Перевод давался мне довольно медленно, и я начала «дергаться» из-за того, что не находилось ничего конкретного, нужного мне.
– Не рассчитываешь же ты, что Василий Иванович в студенческие годы написал что-нибудь вроде: «Если меня когда-нибудь отравят, то в моей смерти прошу винить господина такого-то»? – подшутила я сама над собой.
Исследуя записи дальше, обнаружила откровения Самохвалова о своих чувствах к Регине. Когда поутихла распиравшая его гордость по поводу «угона» чужой пассии, новоиспеченный кавалер понял, что она сама его мало интересует. Как средство продемонстрировать, что он не хуже Сергея, – да, а как женщина, с которой он хотел бы связать жизнь, – нет. Шло время, но новых желающих дам завоевать его сердце на горизонте не возникало.
Мне вспомнился облик Василия Ивановича: худощавый, маленький мужчина с острыми чертами лица и копной кудрявых волос, напоминавший хищную птицу в полете.
Обсуждение прически словесника постоянно возникало на повестке дня школьников.
В общем, неудивительно, что женщины Самохвалова не жаловали. Мало привлекательная внешность, к которой приплюсовывается гнусный характер… Надо же: досадует на то, что его лучший друг не огорчился, узнав об измене своей девушки с ним!
В итоге, «пропудрив» мозги Регине аж три года, Василий Иванович все же решился на ней жениться. Меня разбирало любопытство: что же это за Регина такая, что кроме хмыря-Самохвалова ее больше никто не заинтересовал? Неужели она не замечала, что ее избраннику, по большому счету, на нее наплевать? Просто мазохизм какой-то, а не любовь.

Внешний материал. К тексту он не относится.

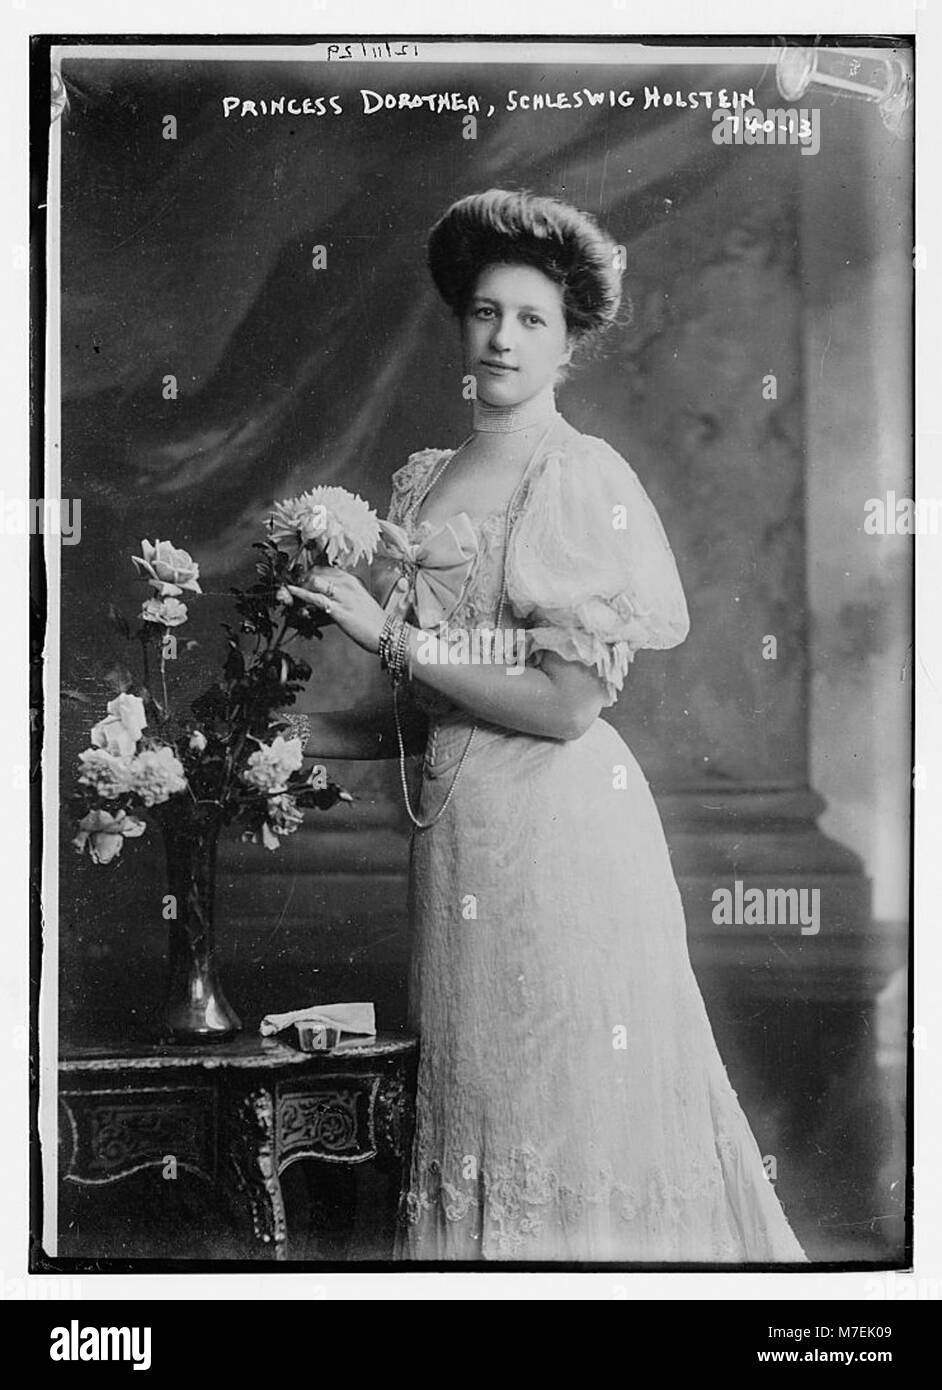 La princesse Dorothea, Schleswig Holstein, debout par table sur laquelle il y a un vase de fleurs RCAC2014683580 Banque D'Images

Устав копаться в словаре, я решила бегло просмотреть последнюю запись дневника и на этом закончить. В ней Василий Иванович сообщал, что у него родилась дочь, а он-то хотел мальчика! Вспомнив Катькин рассказ о байстрюке Антоне, я подумала, что не нужен был этому самодуру никто – ни мальчик, ни девочка. Так уж он был устроен.
Я бросила дневник на пол и решила, что на сегодня с меня хватит. Представитель семейства кошачьих уже спал, уткнувшись мне в бок, и я незамедлительно последовала его заразительному примеру.
* * *
Всю ночь мне снились змеи и еще какие-то гады, и, если бы не телефонный звонок, разбудивший меня, неизвестно, сколько еще мне пришлось бы лицезреть это безобразие.
Часы на стене показывали девять утра. Только я взяла трубку, как на меня обрушились рыдания, причитания и всхлипывания.
– Тань, я знаю, кто отравил отца, – ревела Катька. – Теперь я точно знаю-у-у!
– Что ты знаешь, говори! – отчеканила я, окончательно проснувшись.
– Это Пашка Рудухин… у меня с ним… понимаешь…
– Знаю я, что у тебя с ним! – оборвала ее резко. – Что случилось?
– Он вены себе вскрыл… из больницы мне звонили… Я догадывалась, что это он, а теперь после этого… уверена.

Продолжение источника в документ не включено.